Wizard69, if any drill has a wobbling quill I would suggest it's not even fit to drill a hole, definitely not to be used as a mill !!!!!

Emgee


----------



## Wizard69 (Mar 11, 2016)

xpylonracer said:


> One example of a drill that doubles up as a light milling machine is the Emco 5 Milling and Drilling head, it does have a screw on collet chuck and the quill can be locked when in fine down feed mode. It was sold as a stand alone milling machine with a substantial cast iron base and XY table or as an attachment to fit to the back of the bed on the Compact 5 and 5 cnc lathes, this enabled 2.5D cnc milling on the lathe.

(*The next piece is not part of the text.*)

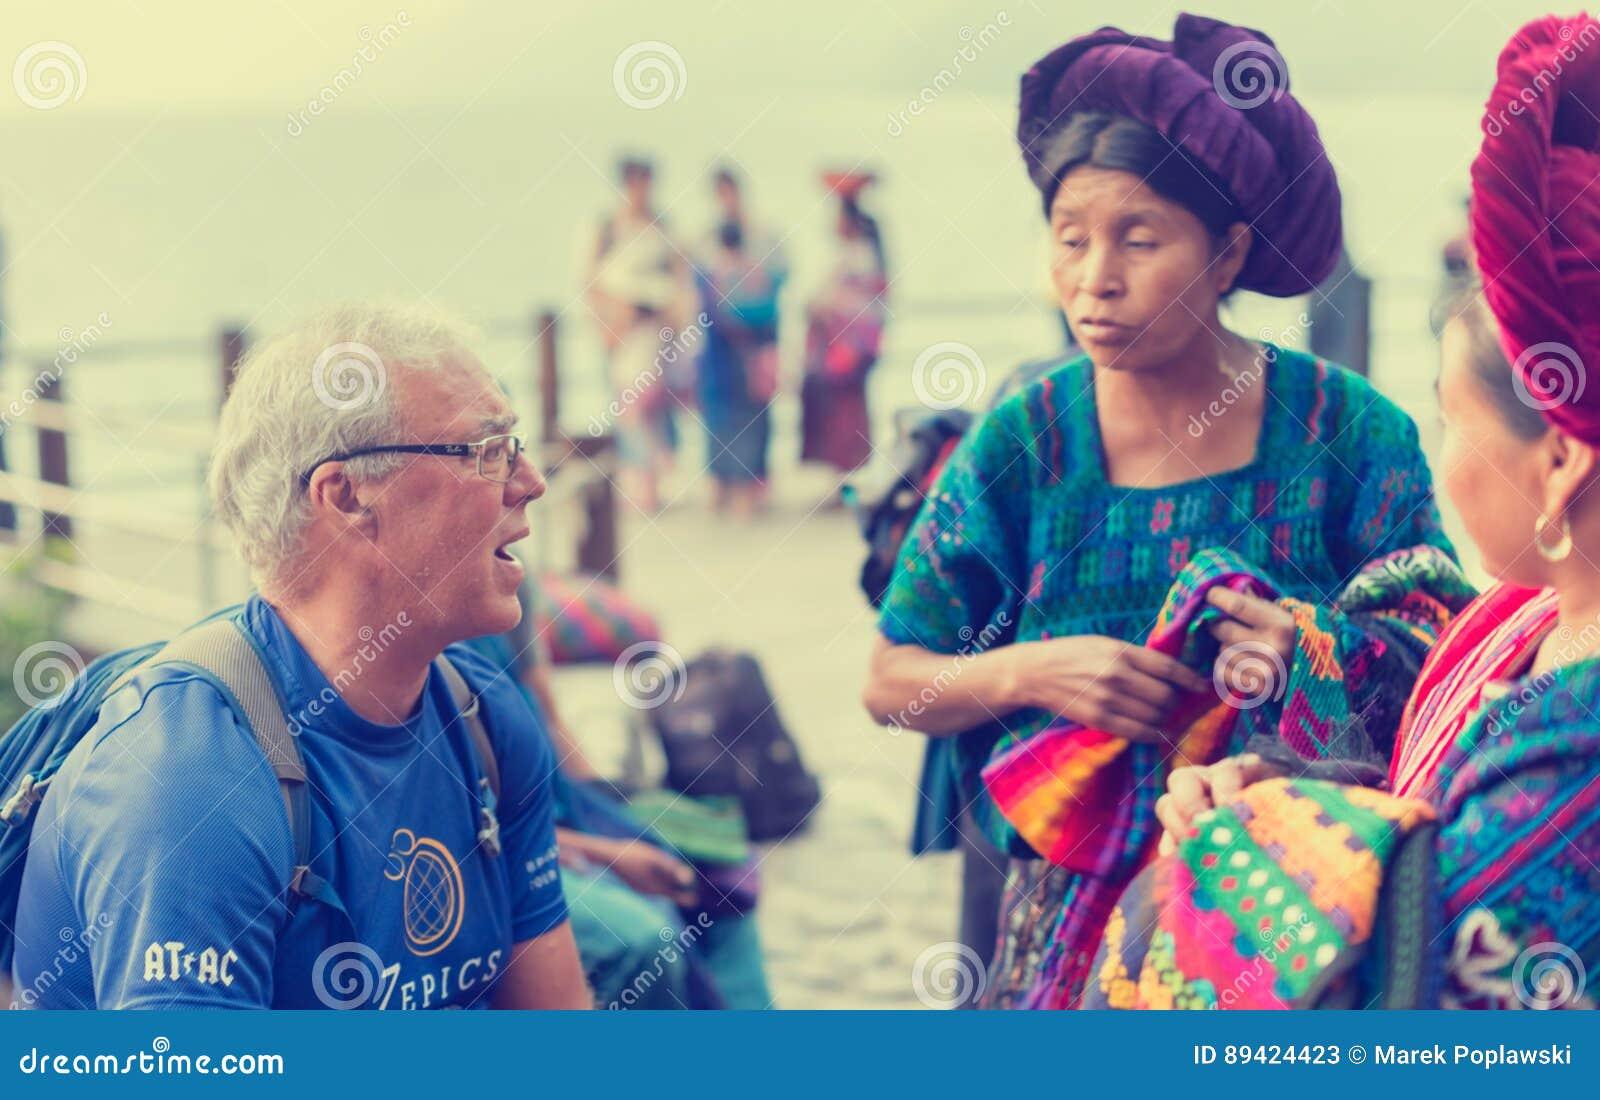 Vendedores ambulantes na cidade ocupada do turista de Panajachel, Guatemala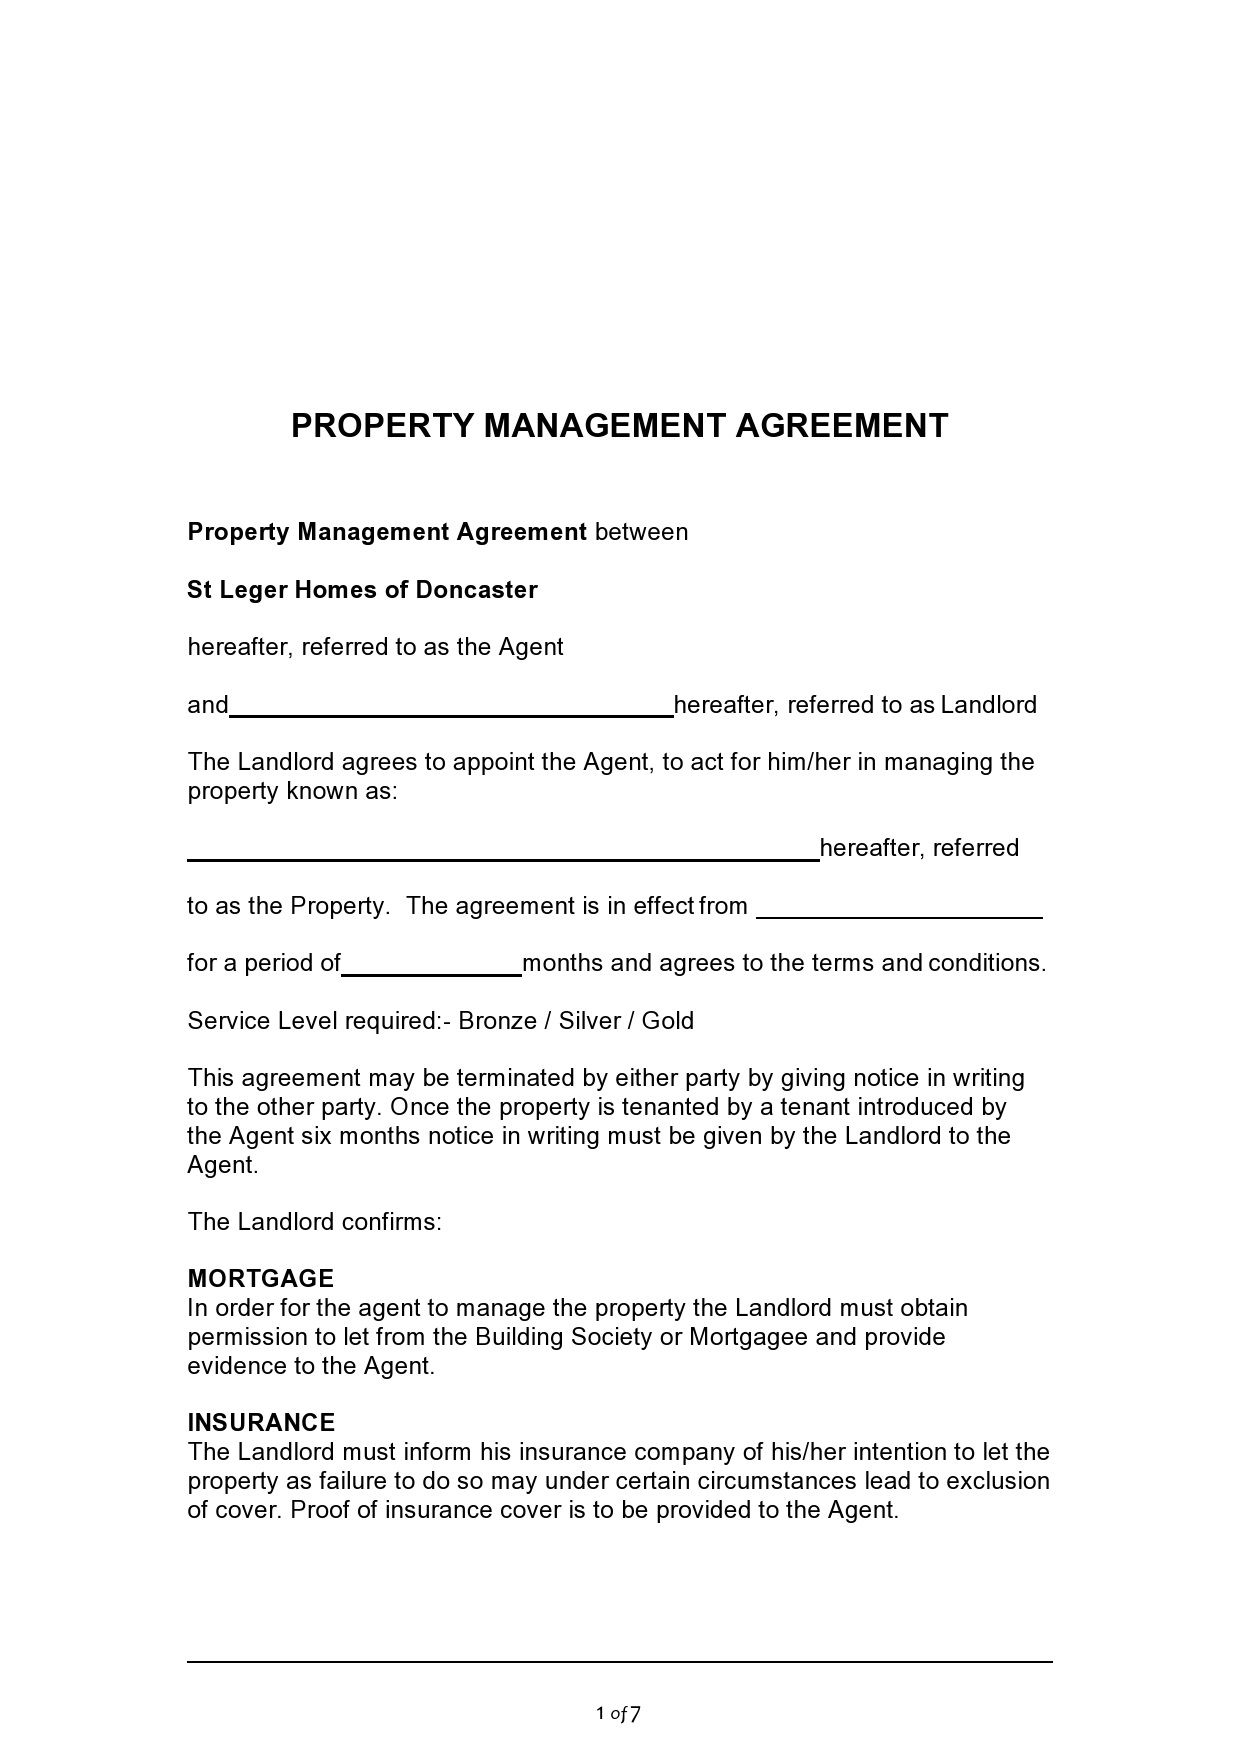 003 Impressive Commercial Property Management Agreement Template Uk Inspiration Full

Obviously won't remove huge amounts of metal at 1 pass but used within limits very exact work can be accomlished.
> 
> Wizard69, if any drill has a wobbling quill I would suggest it's not even fit to drill a hole, definitely not to be used as a mill !!!!!
> 
> Emgee




Oh I agree but I've looked at more than a few import drill presses that had a surprising amount of quil wobble.    You are right in that they aren't suitable for drilling especially at smaller scales.  The fact of the matter is good drill presses cost a lot of money these days unless you get lucky on the used market.


----------



## zoltan (Mar 30, 2016)

Dunc1 said:


> Warning: Side-loading a drill chuck can cause the drill chuck & the installed cutting tool to work loose! You most certainly need to avoid this. Milling cutters have a drawbar to prevent this.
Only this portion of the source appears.